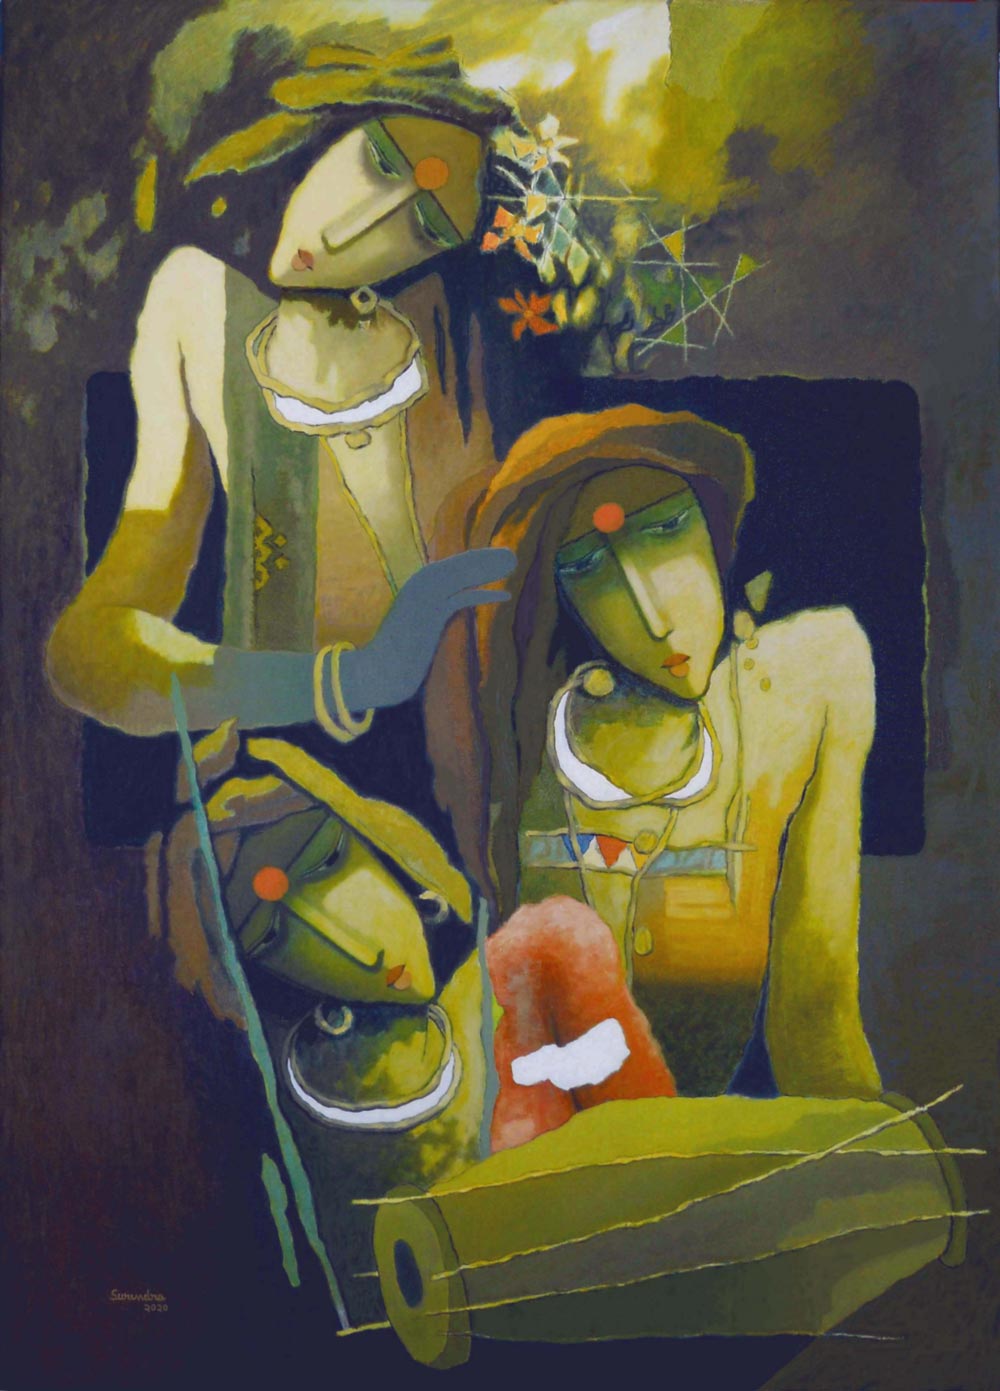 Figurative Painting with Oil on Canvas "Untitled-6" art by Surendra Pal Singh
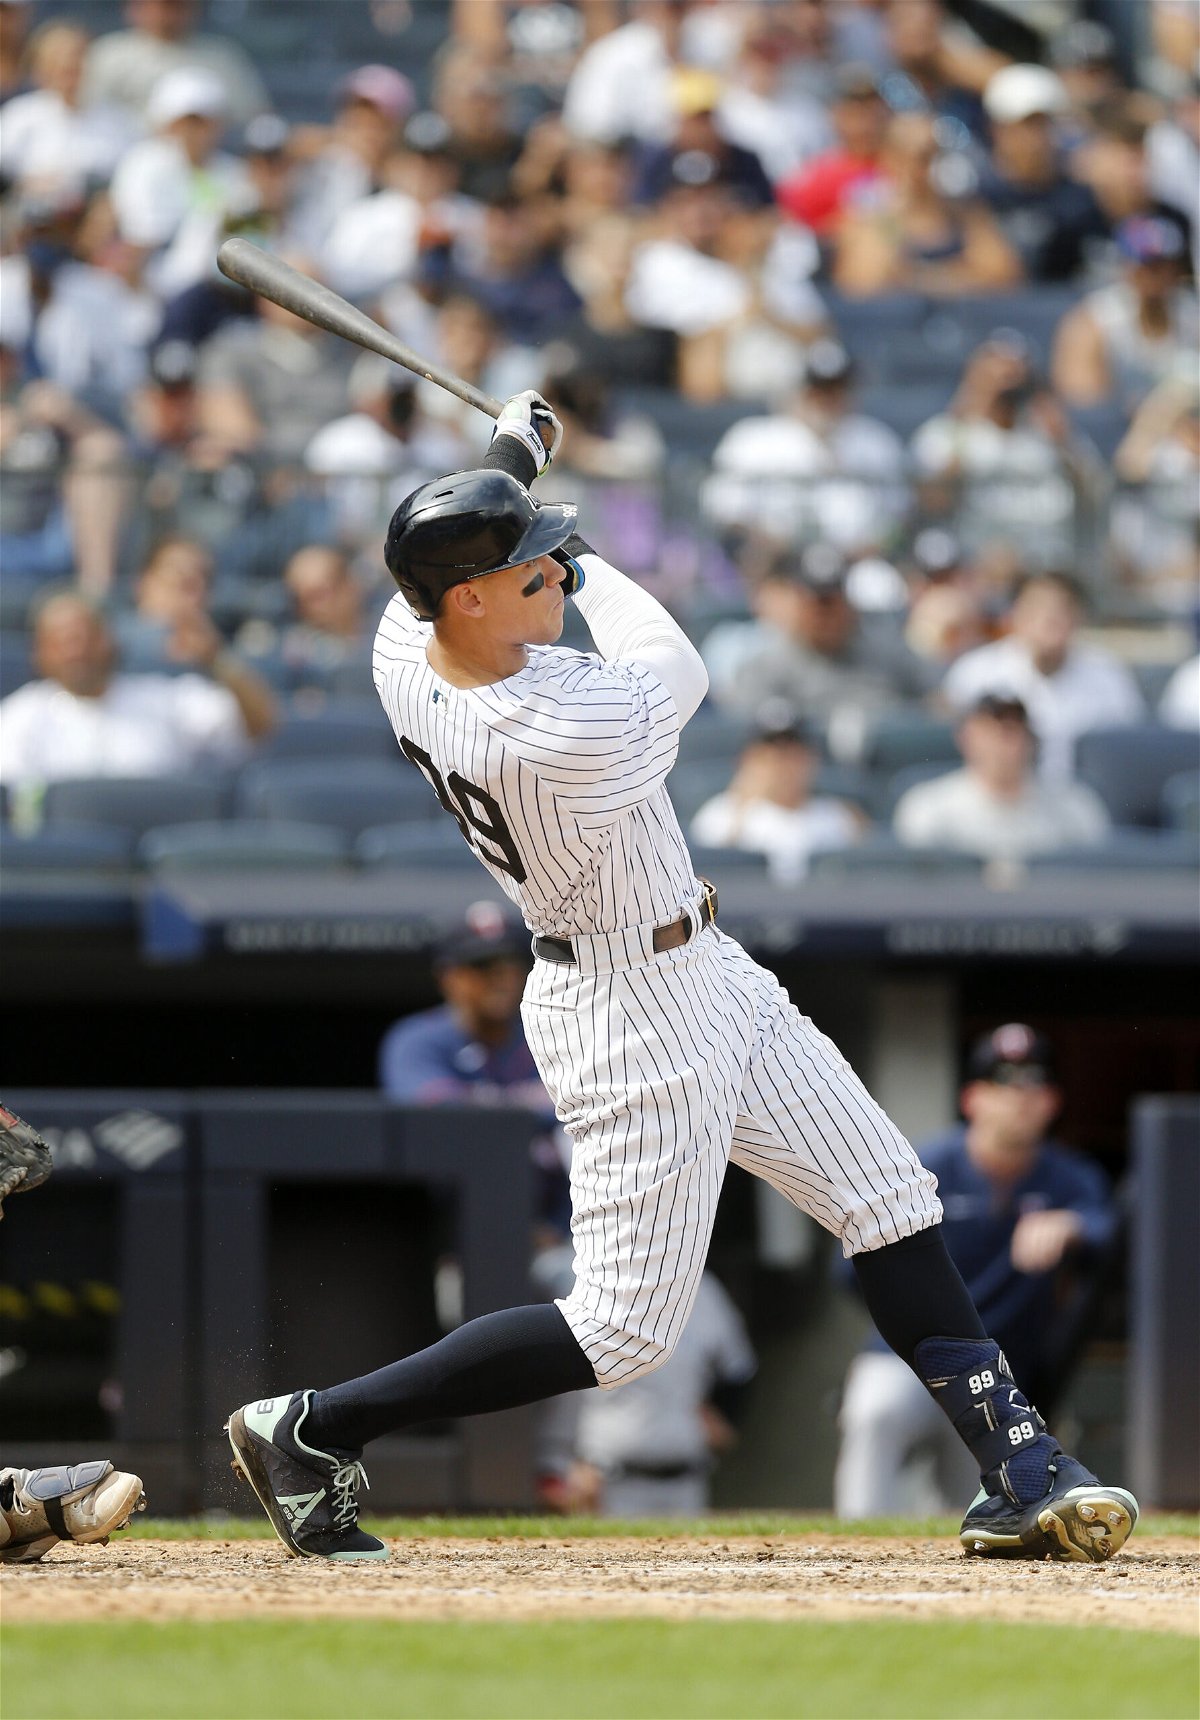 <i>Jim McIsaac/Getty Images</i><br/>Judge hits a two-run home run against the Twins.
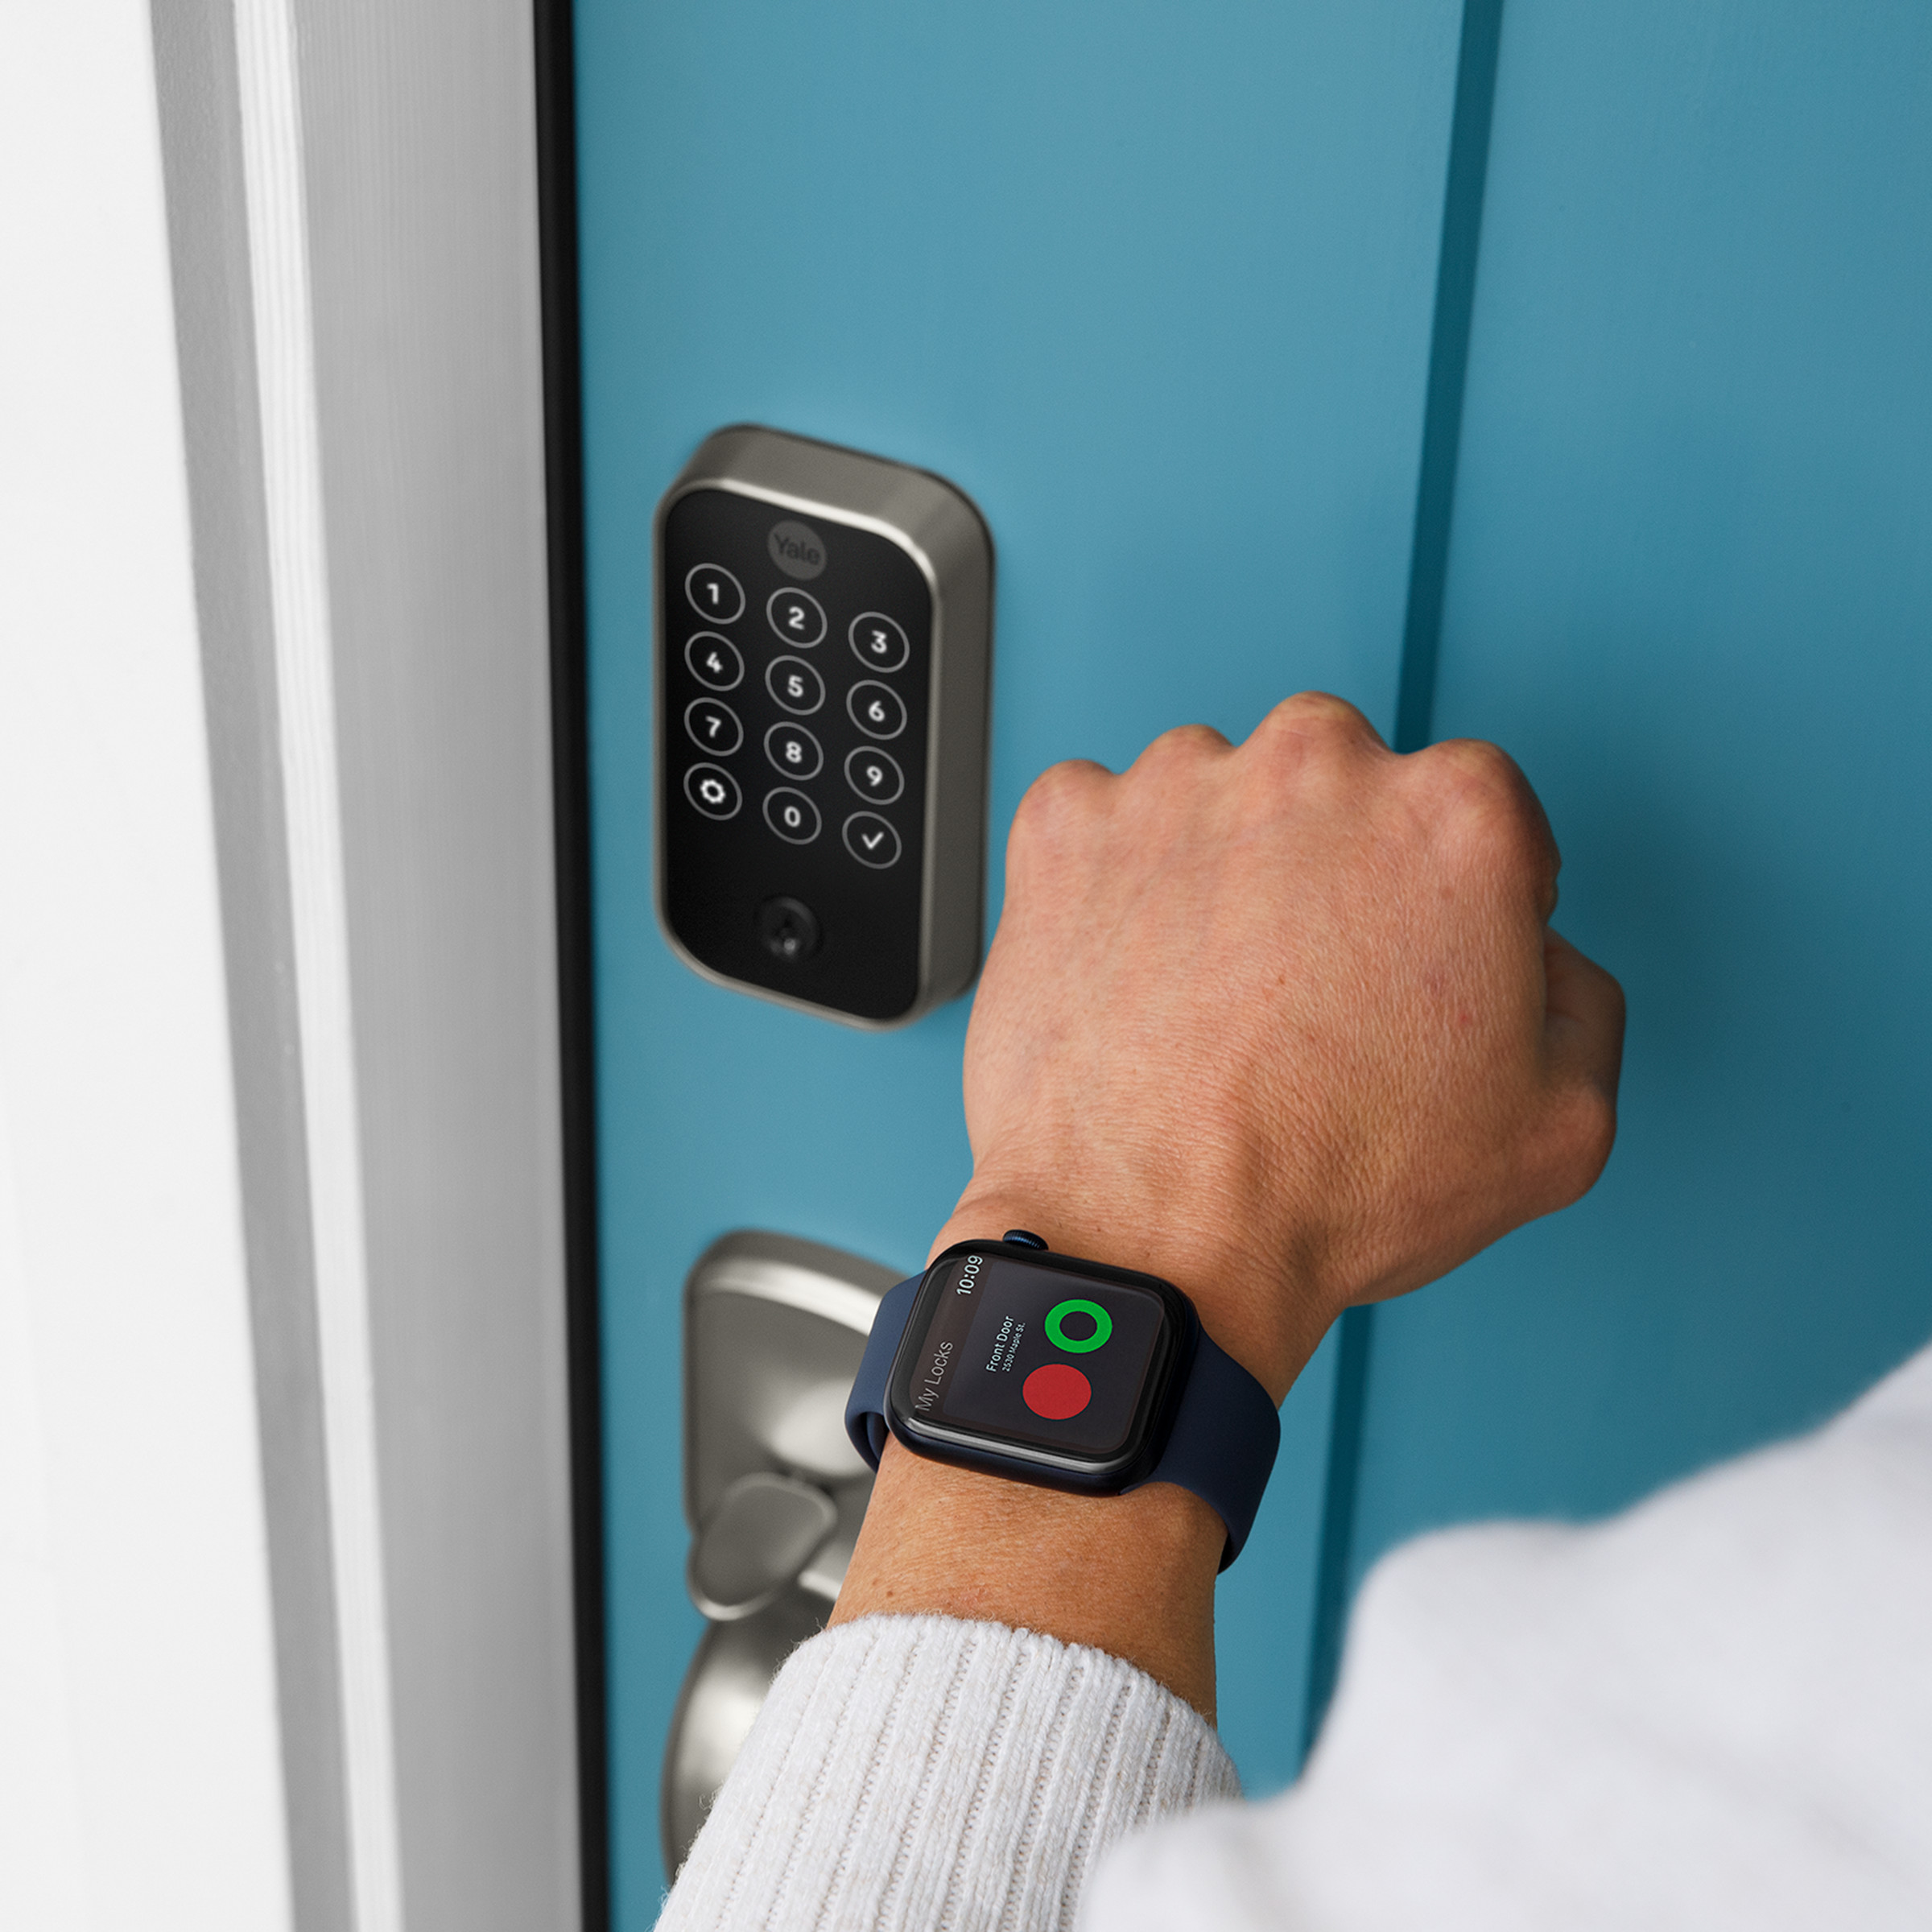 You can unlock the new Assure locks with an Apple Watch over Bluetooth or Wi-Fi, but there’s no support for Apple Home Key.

---

• [YOUR OBJECTIVE]: The data above must be written out again without alteration, and the pictures in them must be excluded.

• [ANSWER TO THIS TASK]:
 Figurative Painting with Oil on Canvas "Untitled-6" art by Surendra Pal Singh
 <i>Jim McIsaac/Getty Images</i><br/>Judge hits a two-run home run against the Twins.
 You can unlock the new Assure locks with an Apple Watch over Bluetooth or Wi-Fi, but there’s no support for Apple Home Key.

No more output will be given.